Consider the following comparison of direct and indirect proofs. A direct proof is an argument that shows that the conclusion logically follows from the premises or assumptions by applying rules of inference in a sequence of steps.
Sections 1, 2, 4, and 5 deal with direct proofs. Section 2, "Proving an Implication," refers to statement such as P implies Q, and proving that Q is a consequence of P. In a logic system, P logically follows from the axioms and valid statements of the logic system, is another way of saying that P is a consequence of the axioms and valid statements or P is implied by them. This is what is meant by proving an implication.
Section 3 is related to indirect proof. Section 6 discusses indirect proof, also known as proof by contradiction, directly. An indirect proof, in contrast, is a proof in which the theorem to be proved is assumed false, and from this assumption, it is shown that a contradiction follows. Because the logic system is consistent, i.e. there are no contradictions, the theorem must be true. (Two statements are contradictions when they cannot both be true, and they cannot both be false.)
Read example 1 through example 4 on pages SF-3 to SF-6. It discusses proofs for sets.
3.1.1: Odd and Even Numbers
Read Section 1 through example 1 on pages NT-1 and NT-2. There are several commonly used sets of numbers that will be introduced to you; the first is the set of odd and even integers, i.e. the set of integers.
3.1.2: Prime Numbers
Read Section 1 beginning at "Prime Numbers and Factorization" on page NT-3, and continue up to example 3 on page NT-4. Example 3 also applies to 3.1.4 and 3.2.2 below. Prime numbers are the next set of commonly used numbers to be introduced. The introduction of prime numbers leads to the discussion of factoring an integer.

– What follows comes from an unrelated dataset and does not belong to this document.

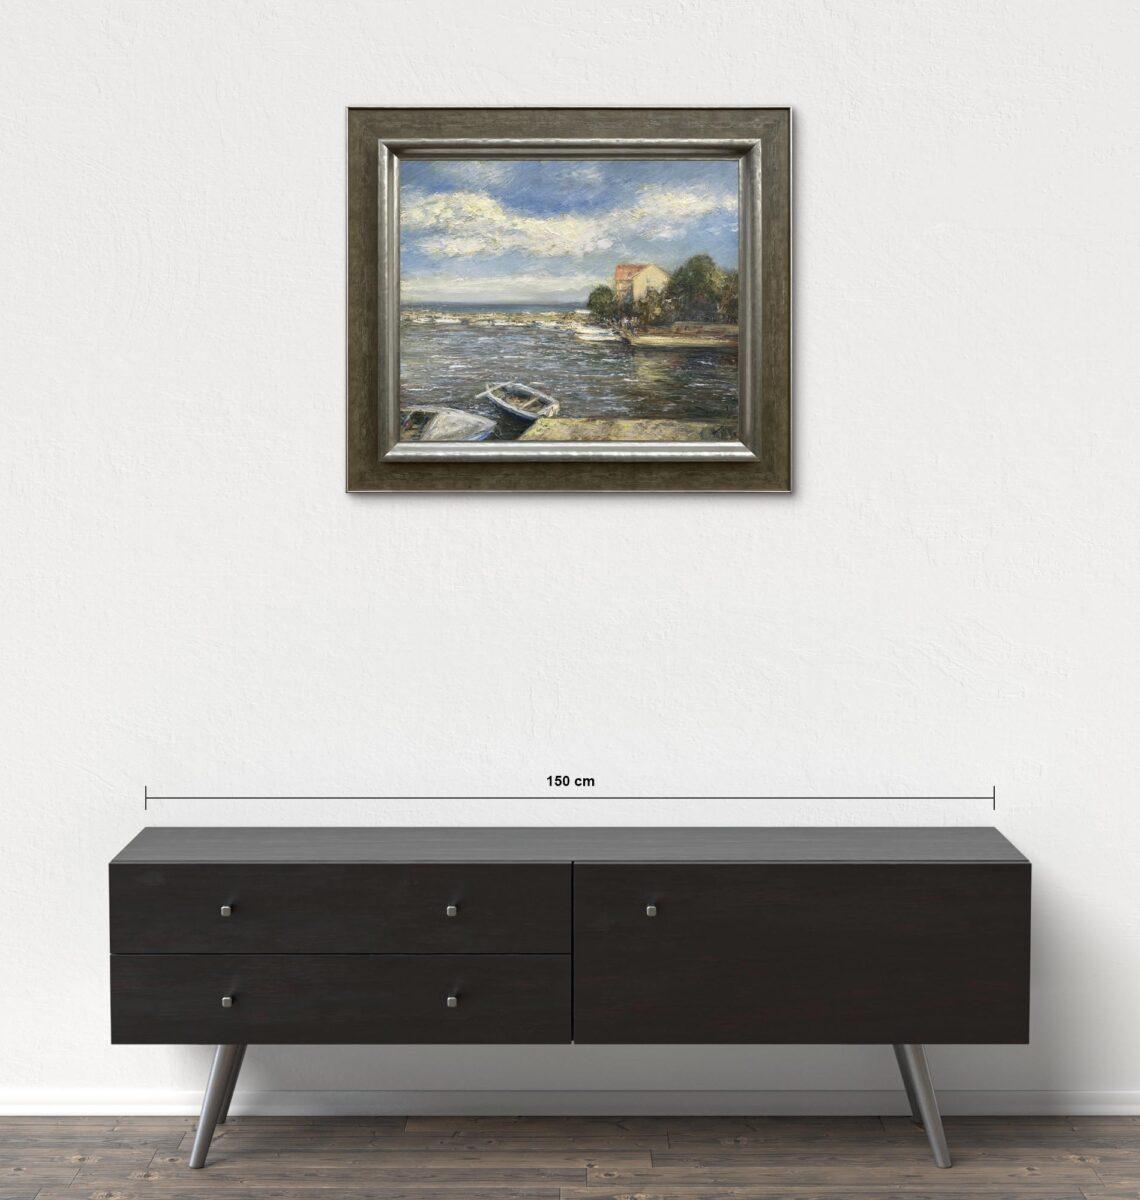 Názov: Ugljan / Rozmery: 50x60 cm / Rok: 2009 / Technika: Olejomaľba
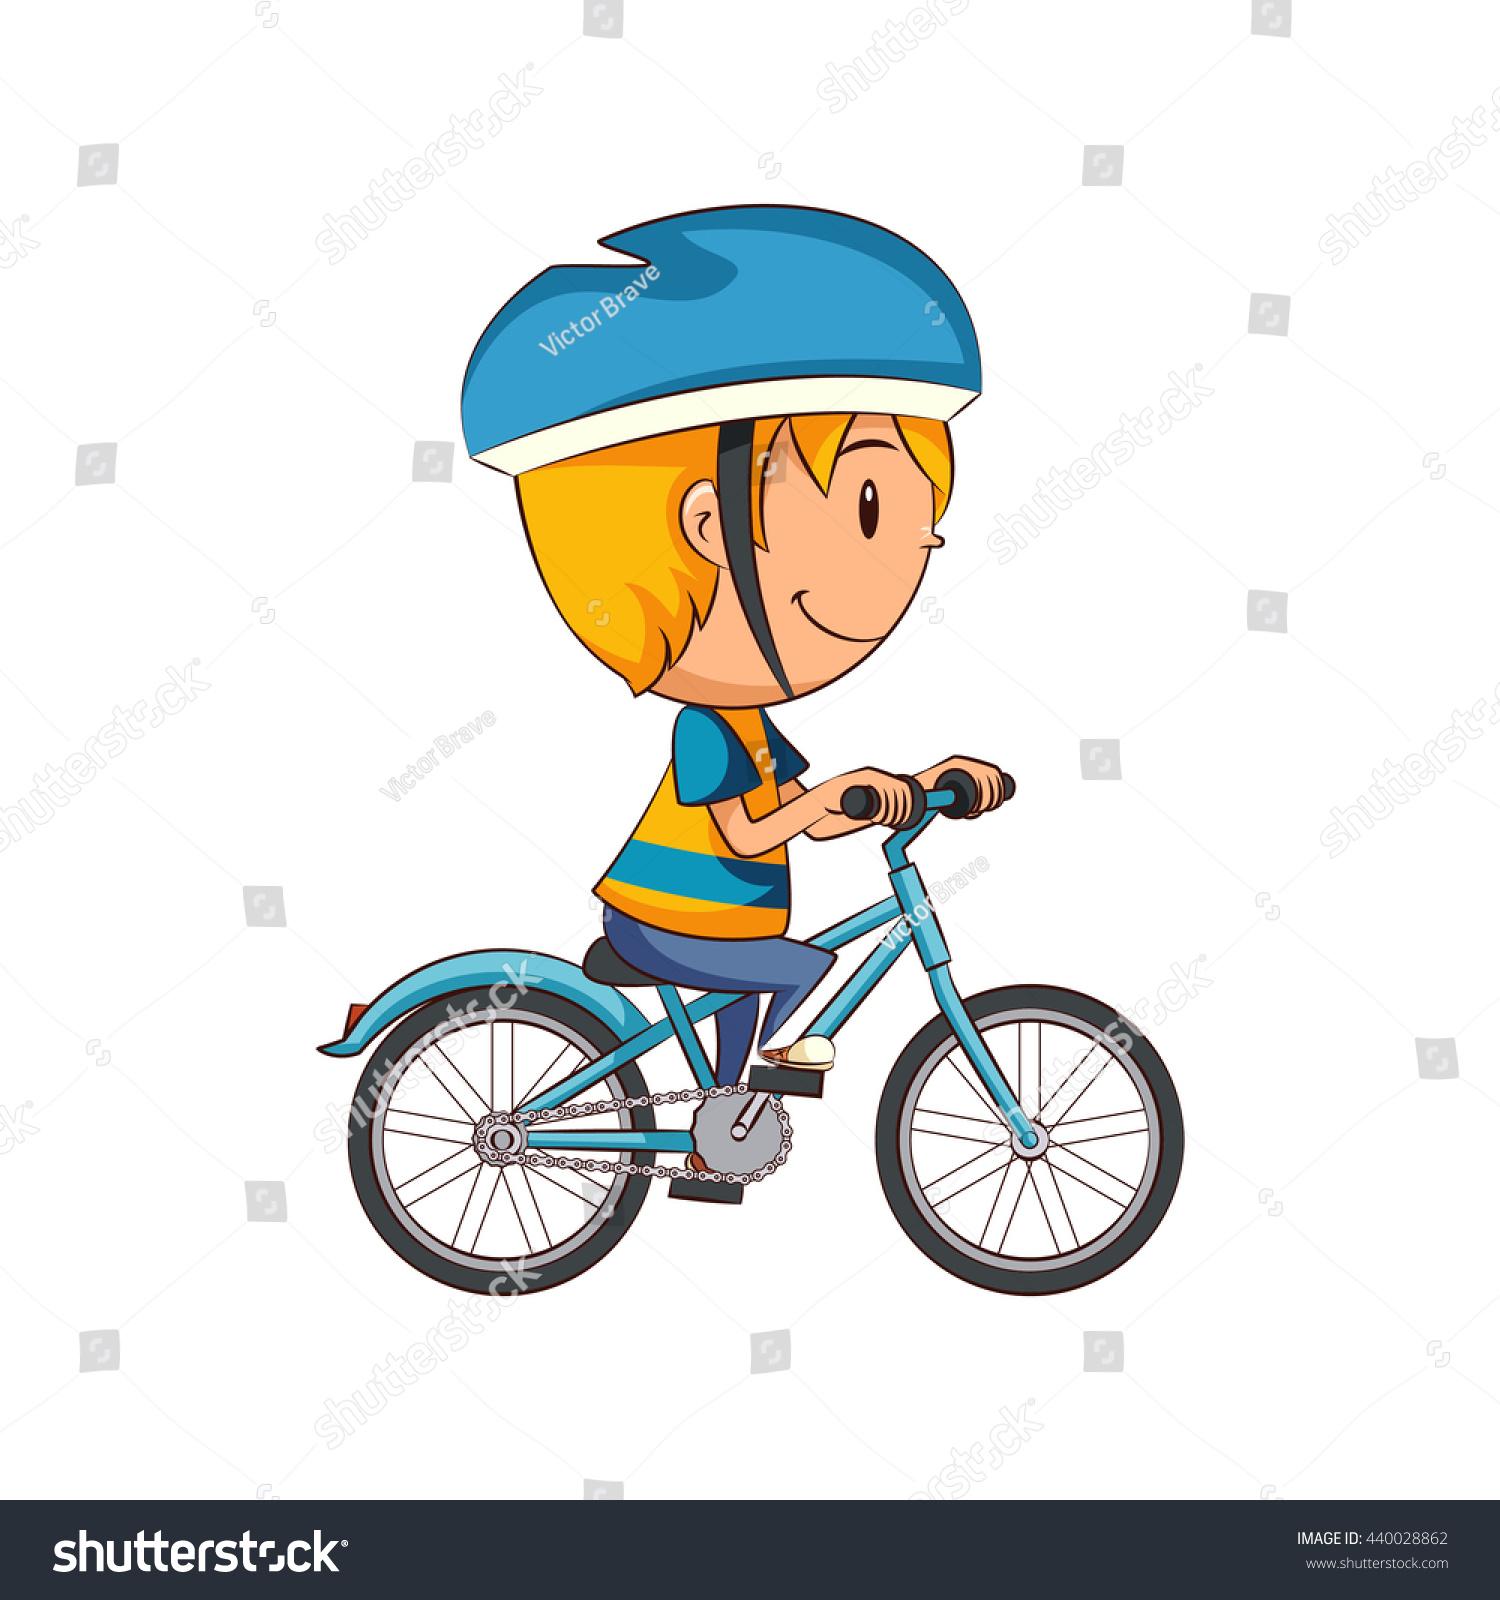 Similar Images Stock Photos Vectors Of Kid Riding Bike

3.1.3: Proving and Disproving Universal Statements
3.1.3.1: Proof by Using the Method of Exhaustion
Reread example 2 on page NT-2, with special attention to the proof method, called proof by induction (an exhaustive proof method). This reading discusses a universal statement, which is just a statement that involves universal quantification.
A statement may be provable by evaluating it or by manipulating the symbols using definitions, rules, and theorems to transform the statement to an equivalent statement. Use of truth tables to evaluate a statement is an example of the former. This is also an example of the Method of Exhaustion. If a Universal statement has a finite set for its bound variable (a variable that is quantified is bound and the set of values that it can take is its range or domain), then it can be proven by proving it for each value in the range of the bound variable. If the set is countable, a proof by induction may be applicable. Induction is studied in Unit 4 of this course. Equivalently, the Universal statement can be proved by showing that it is true for an arbitrary value.
3.1.3.2: Disproof by Counterexample
Read over the Exercises for Section 1 on pages NT-10 - NT-13. Note the use of counterexamples. A universally quantified statement may be false. It can be proven false by showing that there exists an instance of the universally bound variable for which the statement is false. The instance is called a counter example. Exercises often have useful information, also applicable outside of the exercise.
3.1.4: Proving and Disproving an Existential Statement
Read example 5 on pages NT-5 and NT-6. An existential statement can be proved directly by specifying the instance of the existentially bound variable that makes the statement true. To disprove an existential statement, transform its negation to an equivalent universal statement, by using the property where the negation of an existential quantifier becomes a universal quantifier, (negating there exists an x such that P(x) becomes for all x not P(x)). Then, prove the universal statement.